Note that the piece of metal that has been cut away is much larger, since I did not waste time cutting it away in sections or trying to grind it off with a rotary tool the second time around.

While I had my vice set up conveniently in position, I carefully drilled out the tip of the 'mech's large pulse laser. The sculpt does include a small bore opening there, but deepening it will add real depth to its appearance. I did not bother to repeat the process with the smaller lasers on the left arm. They are, as mentioned, smaller and less prominent, and they were going to be pointing down towards the ground in my planned pose.

The next modification was a bit more delicate, but, in my opinion, much more vital. For whatever reason, the Wraith battlemech has a bizarre wrist arrangement. It's right hand is mounted at a ninety degree angle to the axis of its right forearm. This keeps the hand away from the matching laser barrel, but looks extremely awkward to me. I took it upon myself to sever that hand and replace it at a less extreme angle, using a bit of steel paperclip wire to pin it solidly into position.

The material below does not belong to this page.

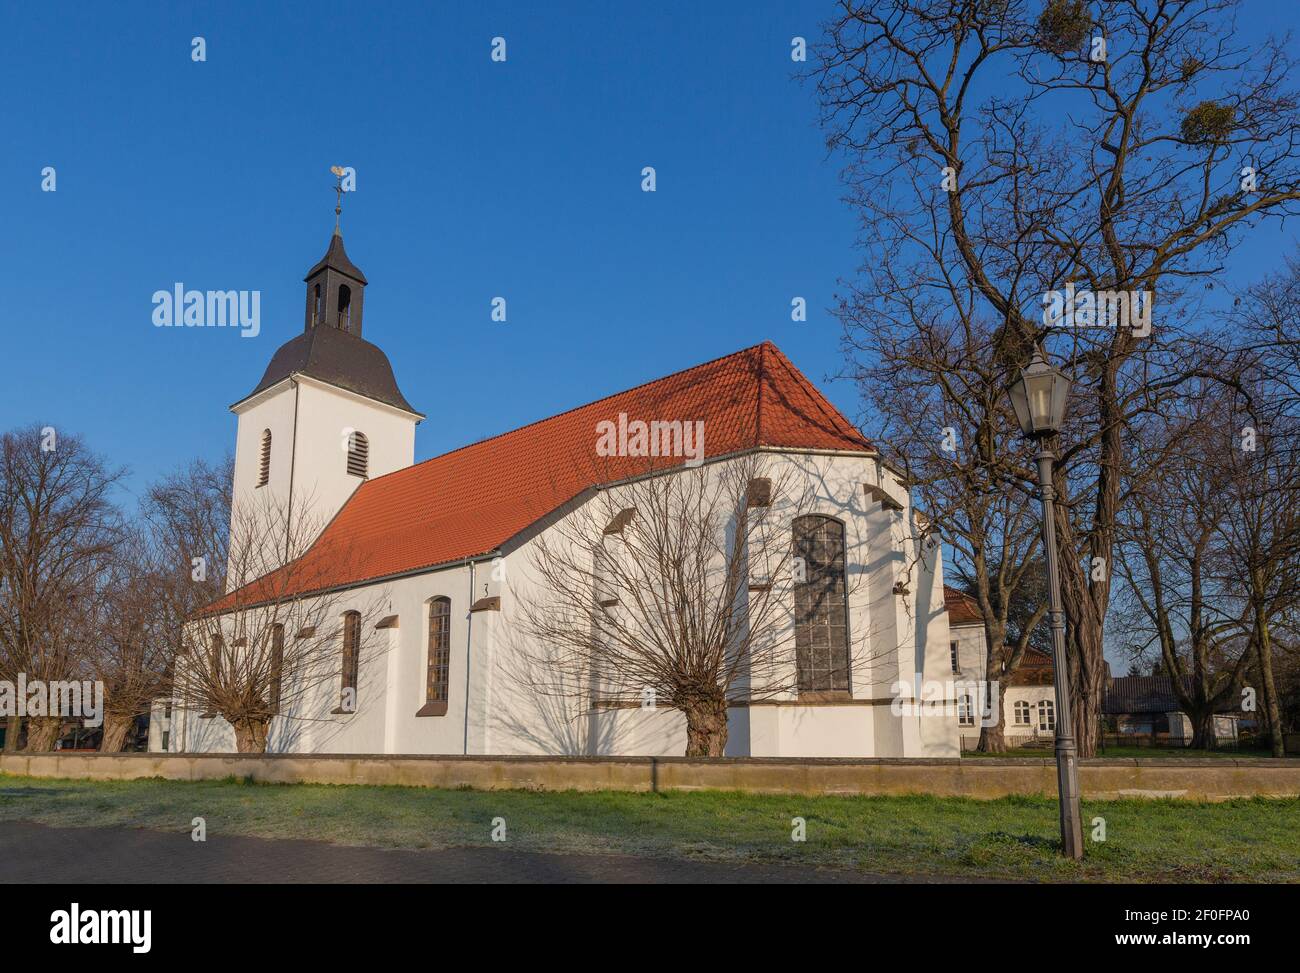 Duisburg - View to village church from aside  and evangelical since 1560, originally dedicated to Saint Martin, North Rhine Westphalia, Germany, 07.03 Stock Photo

Since I happened to have a spare, completely intact, wraith arm on hand I snapped a pretty good comparison shot to show the change. I will leave it up to my readers to decide whether or not the change is beneficial. (The chopped arm is on the bottom.)

The one other thing I did was necessary for my basing plans. Battletech miniatures are pretty heavy as high-tin pewter goes, and they need to be mounted solidly. For all of its basing benefits, cork is not all that strong, and it is not a suitable foundation for an awkward, action pose like the wraith's.

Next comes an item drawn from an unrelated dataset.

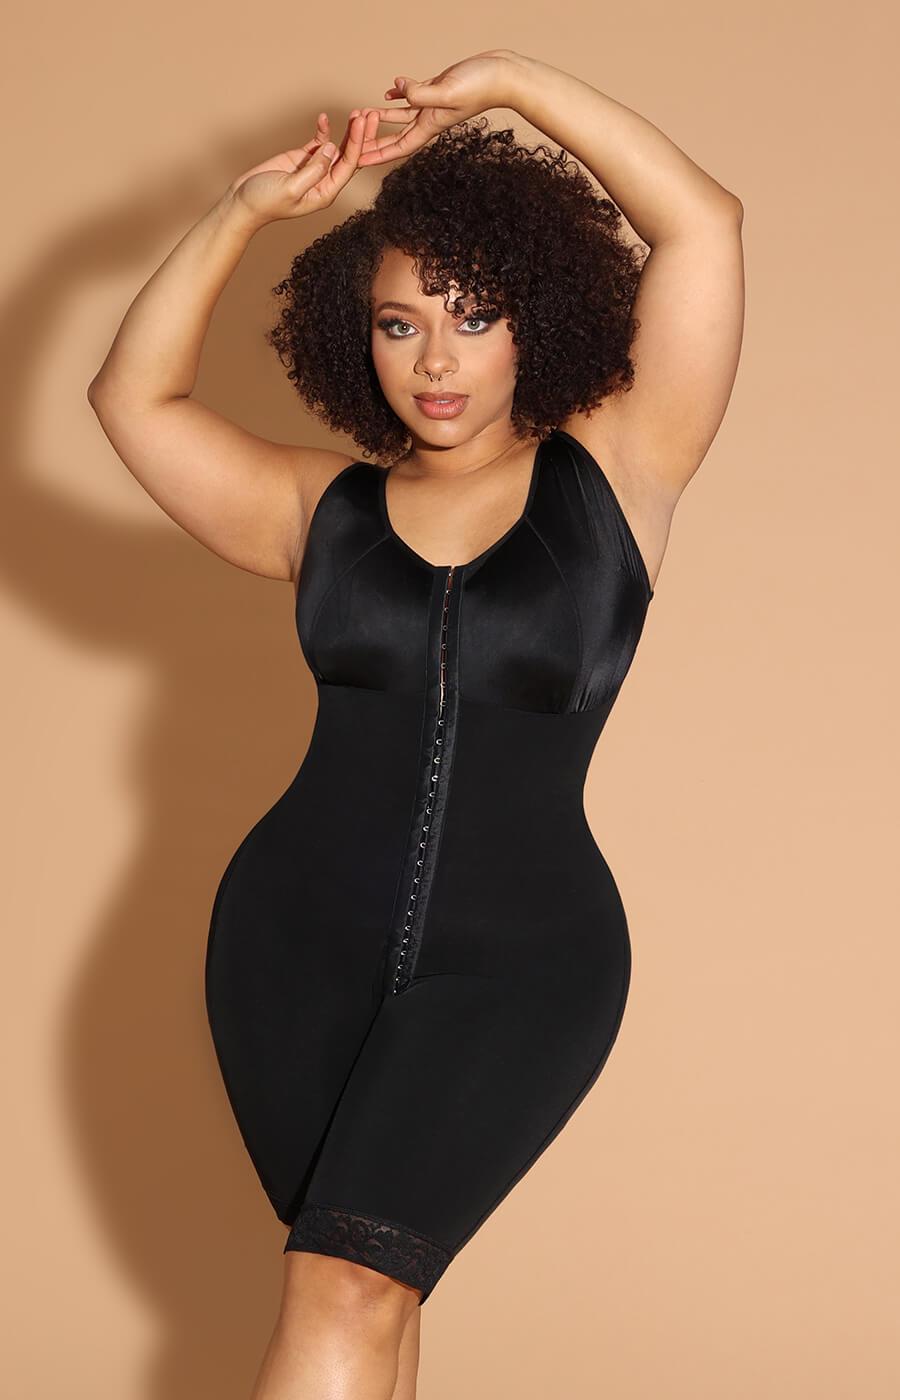 Shopping For Body Shapers

To correct all that, I drilled a deep hole into the bottom of the Wraith's left foot and glued a sturdy piece of brass rod into place. I also glued the metal base that I originally cut off of the miniature to thicken the bottom of the pewter hex base, and give me a solid foundation.

After drilling a hole through the thickened base, and the cork layer on top, I glued the whole assembly together.

After that, it was on to primer and paint. Of course, I haven't gotten to painting anything yet, so it remains to be seen whether or not the build will be ready for the big game.